UV radiation; Apigenin; Zerumbone; Resveratrol; Curcumin

Introduction

Exposure to solar UV radiation (UVR) is an environmental and health hazard causing several diseases including photoaging, photocarcinogenesis, neurodegenerative disease, immunosuppression, XP syndrome, erythema, edema, and cataracts of the eye [1-6]. Chronic UV exposure results in skin cancer, the second most prevalent cancer in the U.S [7]. Therefore, it is essential to identify new and better avenues to protect from UVR-induced health hazards.

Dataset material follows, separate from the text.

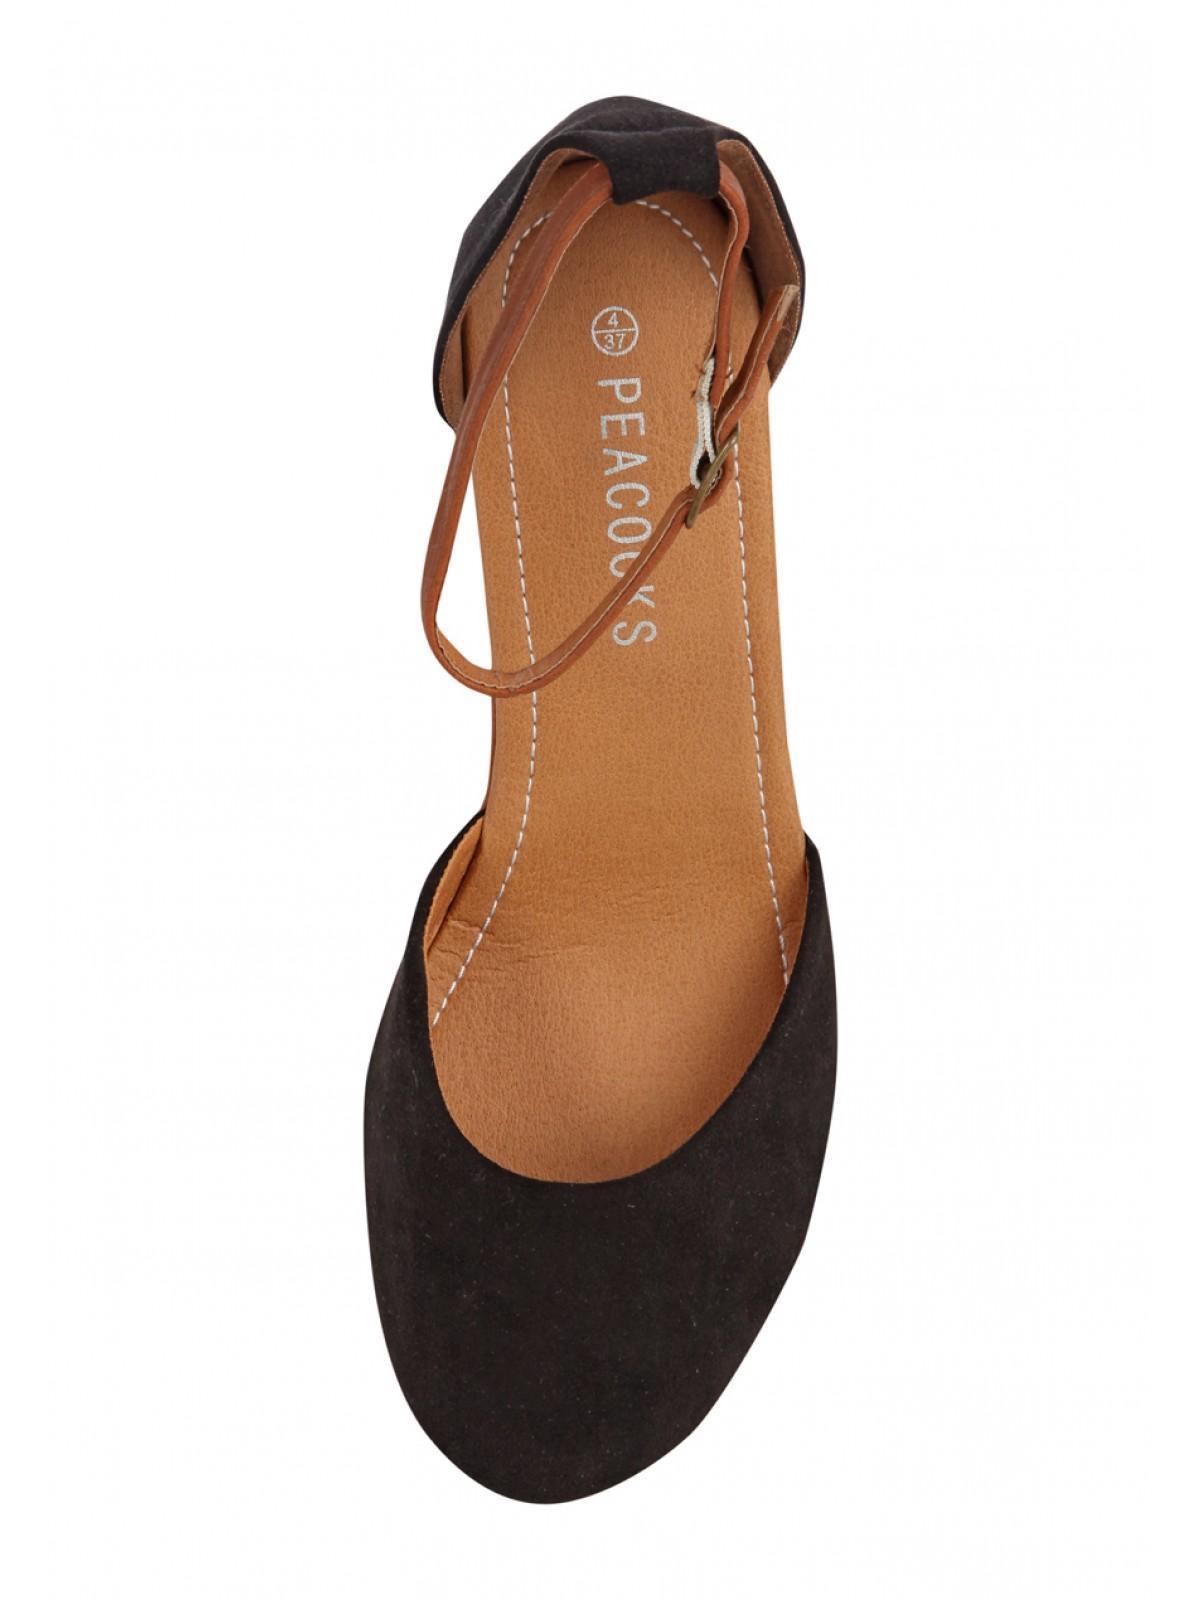 Black enclosed sandals - Previousnext Zoom
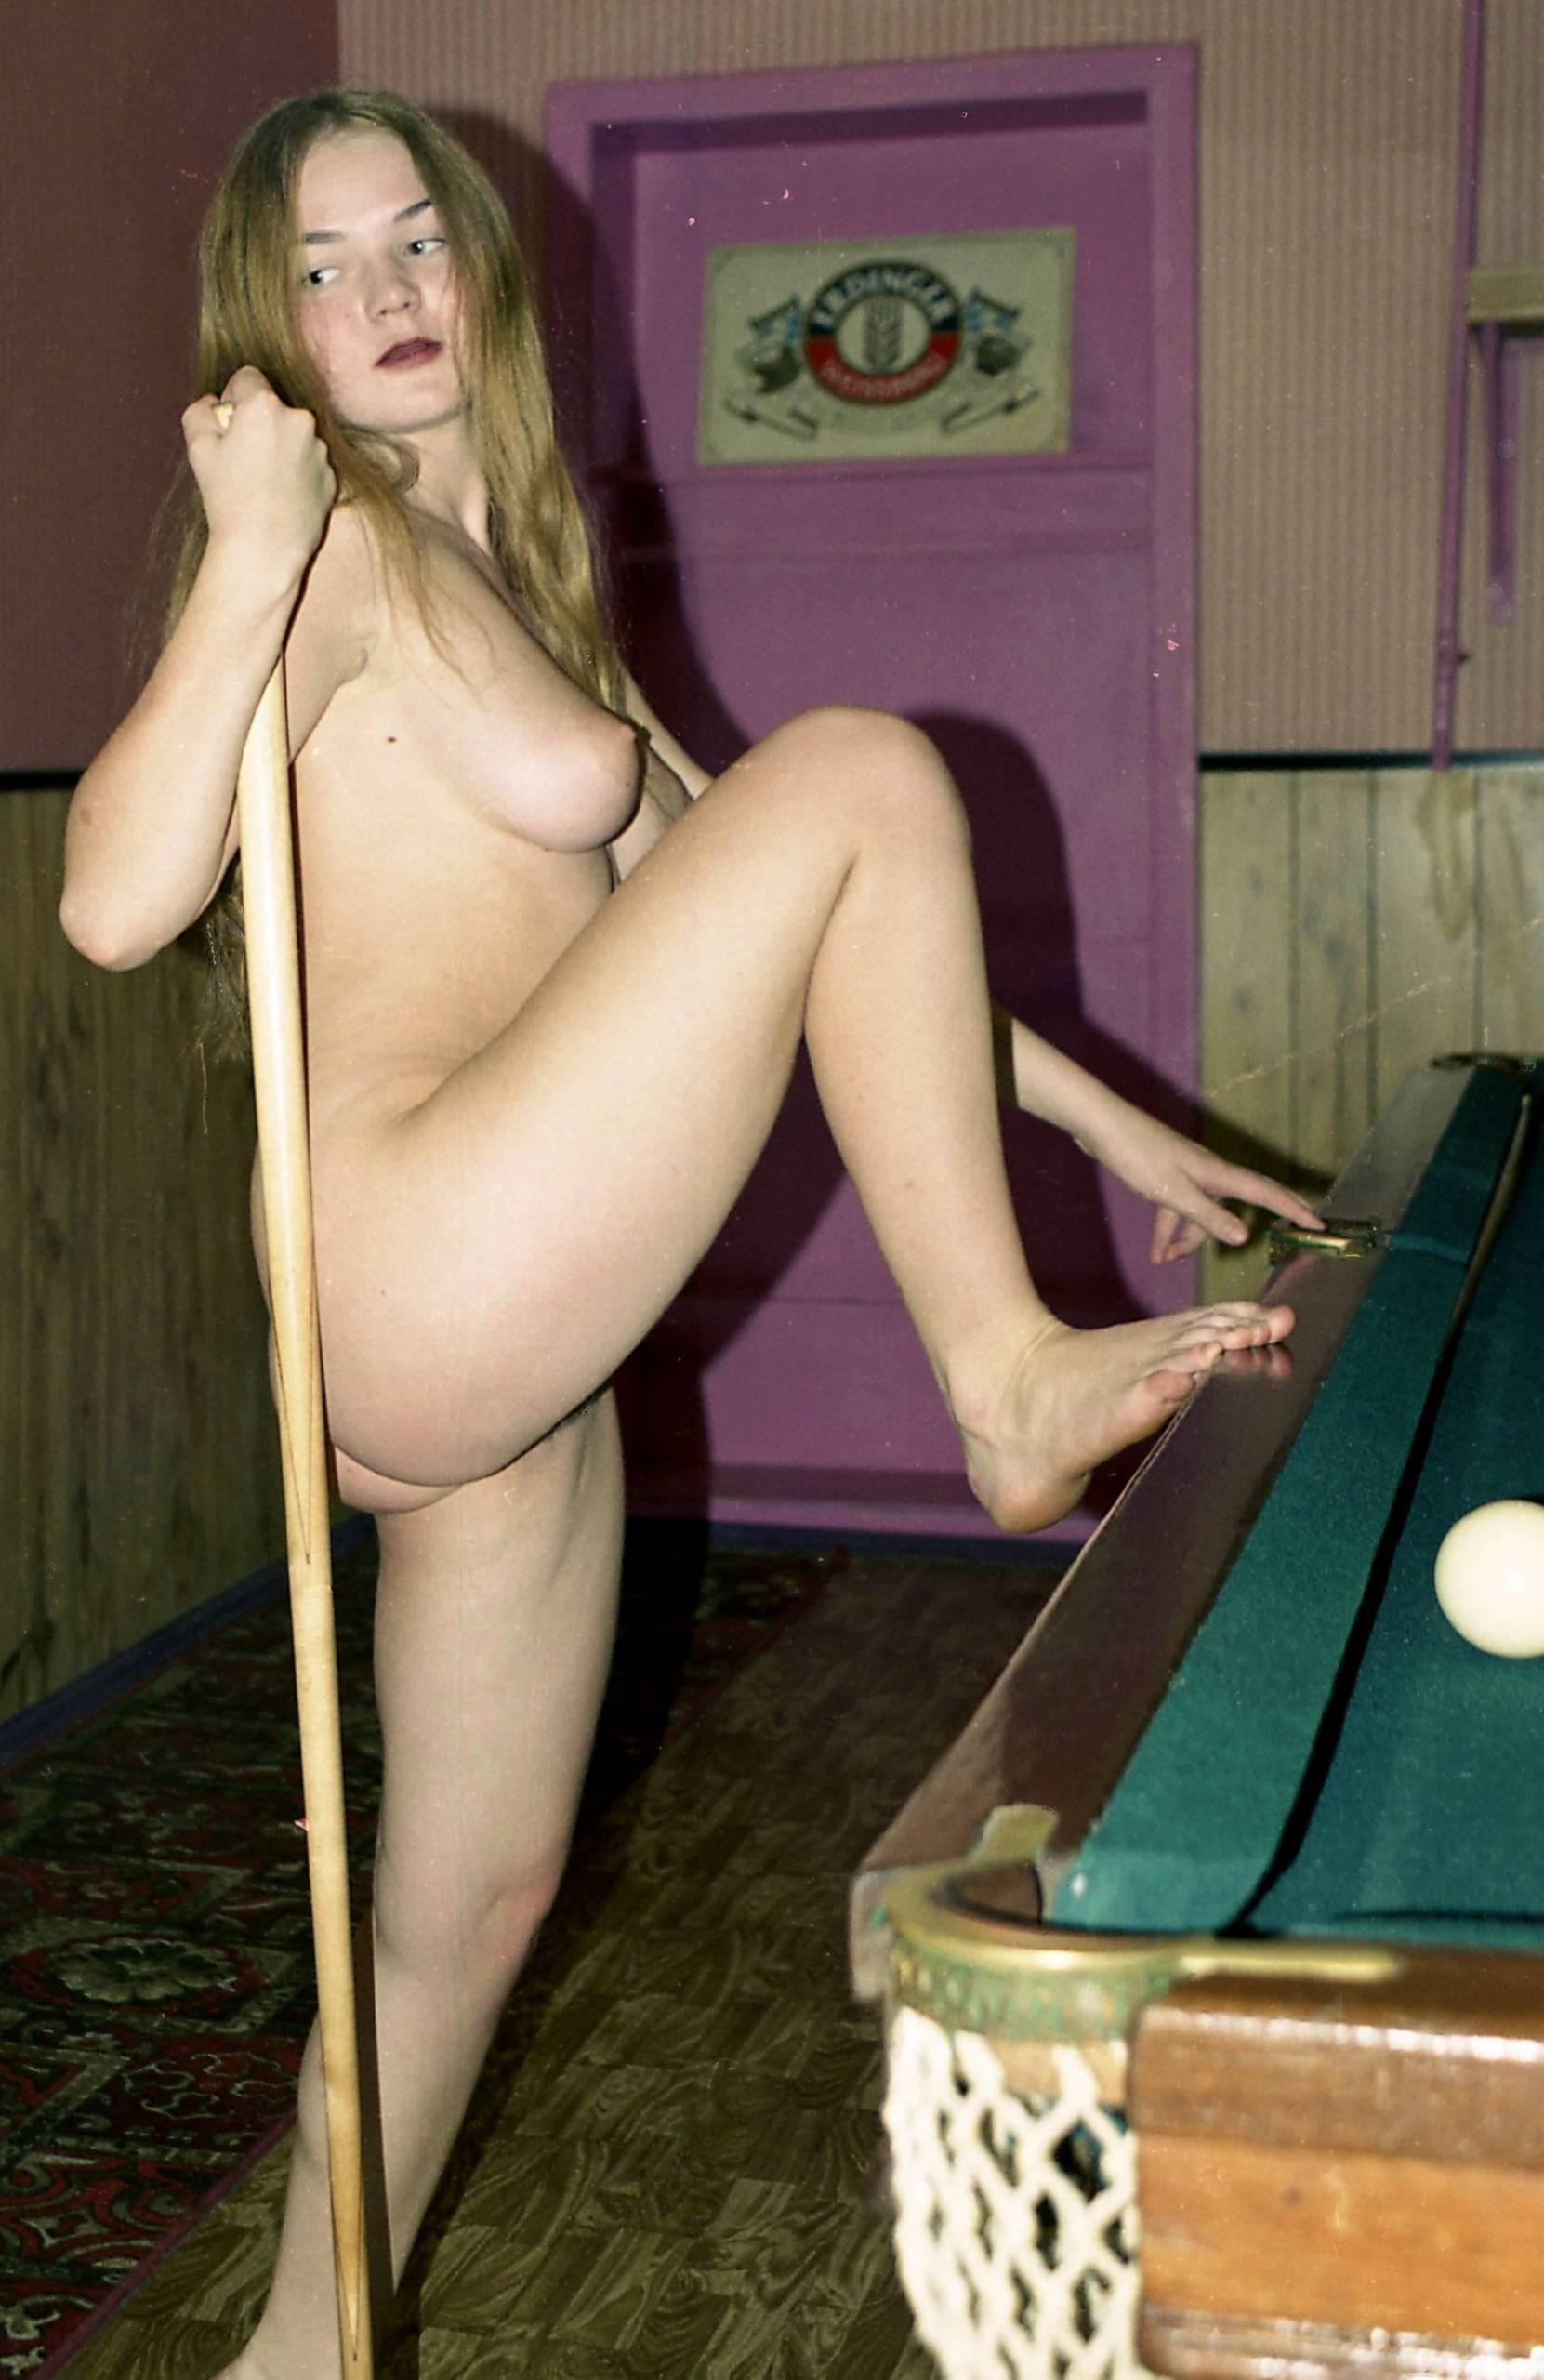 Pleasant Billiard Games - 2

Recent research has identified several synthetic drugs and sunscreens to protect from UVR, but the efficacy is not sufficient, and most of them have side-effects [8-12]. As an example, commercial sunscreens contain a high percentage of deleterious chemicals, resulting in skin cancer and skin diseases [13,14]. To overcome this, several studies have identified natural compounds and herbs with potential for UVR protection efficiency [15-17]. One way UVR damages cells is by generating free radicals or reactive species such as Reactive Oxygen Species (ROS) and reactive nitrogen species (RNS) [18,19]. Among these, ROS is predominant and causes oxidative damage to many biological molecules such as DNA and proteins etc. [20]. Several natural compounds are rich in anti-oxidants and play a role in protection from UVR by reducing the ROS pool [21-24]. Considering these, natural compounds are very helpful in developing the next generation of sun protection. Even though some natural compounds exhibited UVR protection efficacy, there has been no comparative study to determine which compounds are most effective and can be used successfully for the development of drugs for UVR-induced diseases. Furthermore, before testing these natural compounds in more complex mouse or human experiments, there should be a way to screen them by a simple assay. This work established a simple and easy assay to identify and compare the efficacy of the natural compounds in UVR protection. In this assay, the effect of various natural compounds in protecting bacterial cells from UVR was determined and compared with the protection of commercial sunscreens. Several dietary natural compounds were used as these are non-toxic, orally consumable, and can be used in creams. The results demonstrated that some of the compounds are more effective in protecting bacterial cells from UVR than others. Furthermore, all the compounds tested had comparable or better UVR protection potential as commercial sunscreens. Notably, Apigenin is the most effective in UVR protection, suggesting that natural products highly rich in Apigenin will produce the most effective sun protection drugs.

Materials and Methods

Chemical compounds and sunscreens

Zerumbone (ZER; 2,6,9,9-tetramethylcycloundeca-2,6,10-trien-1- one) is a sesquiterpenoid found in the rhizome of Zingiber (Ginger) zerumbet, a plant used in Southeast Asian countries as an anti-inflammatory agent and also as a condiment. Resveratrol (3,5,4’-trihydroxy-trans-stilbene) is a natural phenol present in peanuts, grape, blueberry, raspberry, and mulberries. Curcumin (1E, 6E)-1-7-Bis (4-hydroxy-3-methoxyphenyl) hepta-1,6-diene-3,5- dione) is a compound present in turmeric. Apigenin (4,5,7- trihydroxyflavone), found in many plants, is a natural product belonging to the flavone class that is a glycone of several naturally occurring glycosides. Synthetic Zerumbone, Resveratrol, Curcumin, and Apigenin are from Sigma-Aldrich. Dietary Apigenin was kindly provided by Dr. Andrea Doseff (Michigan State University). Dr. Doseff has developed a method to isolate Apigenin from celery (dietary Apigenin) [25]. The structure of these compounds is shown in Figure 1. Water babies by Coppertone and Sunscreen lotion with SPF30 by MaxBlock were obtained commercially.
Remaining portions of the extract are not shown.